The method that you choose to exercise your options will depend on the type of exercise you’d like to initiate.
• | Currently, the Web and IVR functions allow to perform only cashless exercises. | |||
• | For a cash exercise or sell to cover exercise, you must contact a customer service representative. |
The chart below illustrates which feature to use, depending on the way you want to exercise:
Exercise type: | Customer service rep | IVR | Web site | |||
Buy and hold- cash |
X | NA | NA | |||
Sell to cover |
X | NA | NA | |||
Cashless |
X | X | X |
Initiating a Cashless Exercise on the Web:
1.) | Log on using your personal account information (account number, PIN, and company code). | |||
2.) | Select “Grant Summary” to view your current grants and current vesting status in each. | |||
3.) | Click the “Exercise Your Options” link at the bottom of the screen. | |||
4.) | Select the grant from which you want to exercise options. Enter the number of shares you want to exercise from a particular grant in the “Shares to Exercise” field. | |||
5.) | Click “Continue” to verify your exercise order. (To clear the screen and start over, select “Refresh.”) | |||
6.) | To confirm your order and continue, enter your PIN in the field indicated. |
Initiating a Cashless Exercise via the IVR:
1.) | Call x-1-877-828-0483 and follow the prompts to enter your personal account information (account number, PIN). | |||
2.) | Press 1, “Stock Information”. | |||
3.) | Press 1, “Grant Information or Exercise.” | |||
4.) | To exercise an option on a grant, press 3, and follow the voice prompts to complete your exercise. |
Call 0-000-000-0000 before 3 p.m. ET and follow the prompts to enter your personal account information (account number, PIN). Press 0 to speak with a customer service representative.

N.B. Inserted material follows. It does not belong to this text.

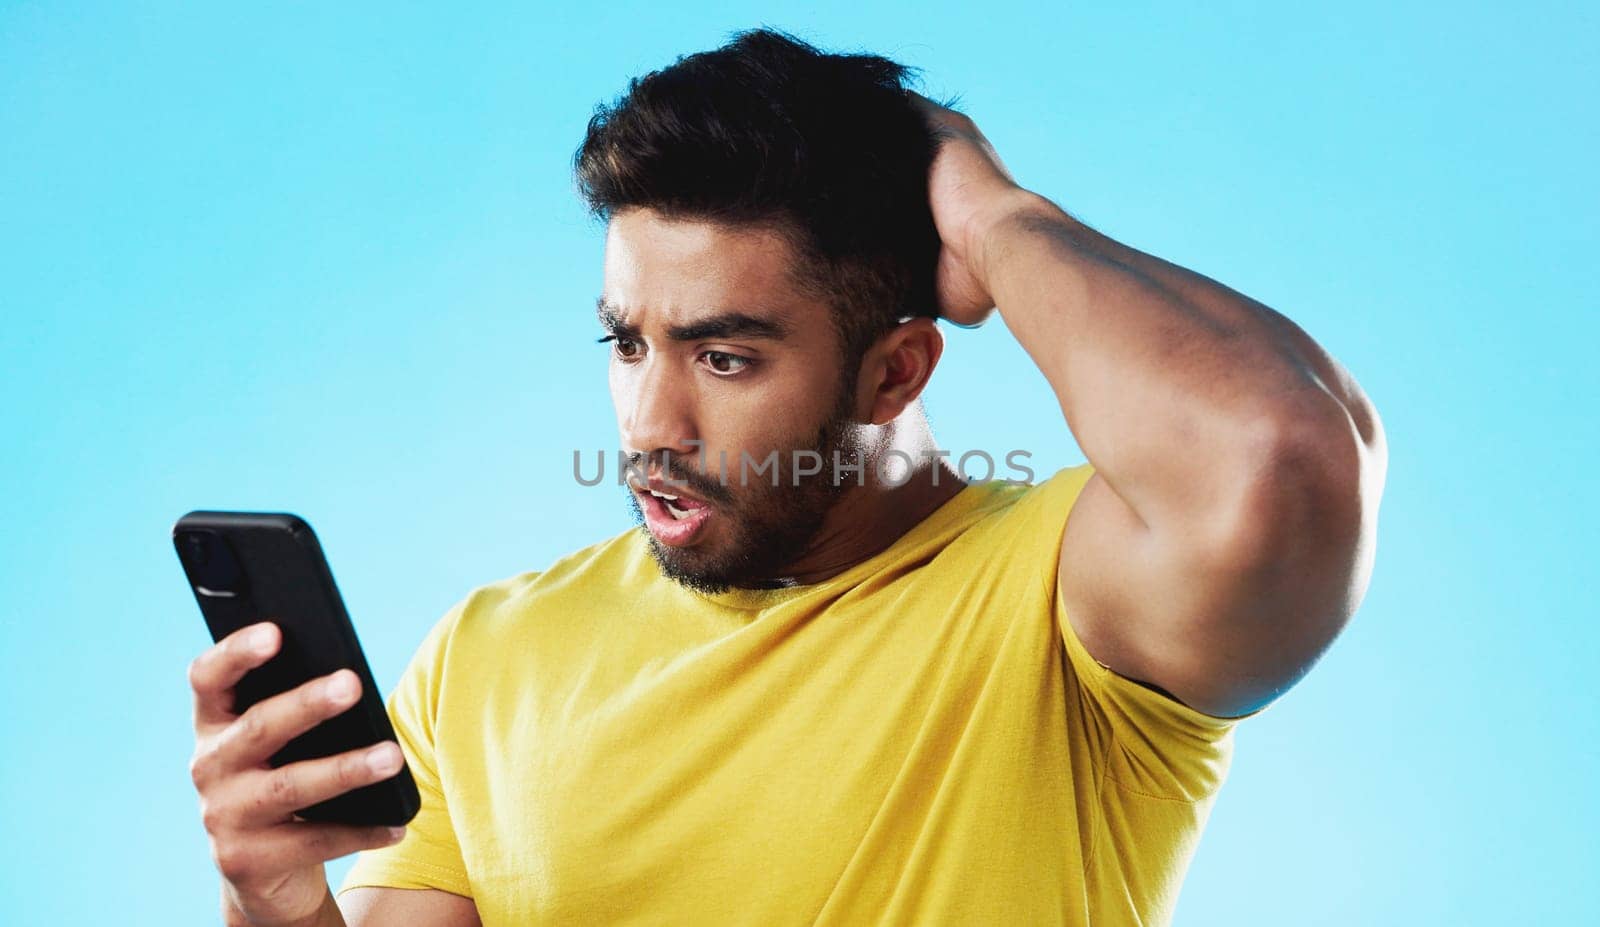 Phone, wow or bad news with a man reading a negative text message in studio on a blue background. Mobile, contact and surprise with a young male looking shocked by a social media post or announcement.

When you execute a cash exercise, the fair market value of Dick’s Sporting Goods stock is calculated as the previous day’s closing price (or the closing bid if no sales were reported). The customer service representative will take your order (provided that you have previously obtained the necessary approval) and contact you via phone, fax or e-mail with the average of the day’s high and low prices and your tax withholding once the market has closed.
When can I exercise my options?
If you initiate your transaction before 3 p.m. (ET) on the day of sale, it will be processed that day. If you submit your request after 3 p.m. (ET), it will be placed in “pending” mode and processed immediately the next business day (provided there is a market for your shares).
You may cancel any request in pending mode before it’s processed by accessing your account via the Web, IVR or customer service representative (during business hours, 8 a.m. — 8 p.m. ET).
When will I receive my proceeds after an exercise?
Please allow three business days for Wachovia to process your transaction. Wachovia will forward your check to you by US mail. For an additional charge, you may request priority mail.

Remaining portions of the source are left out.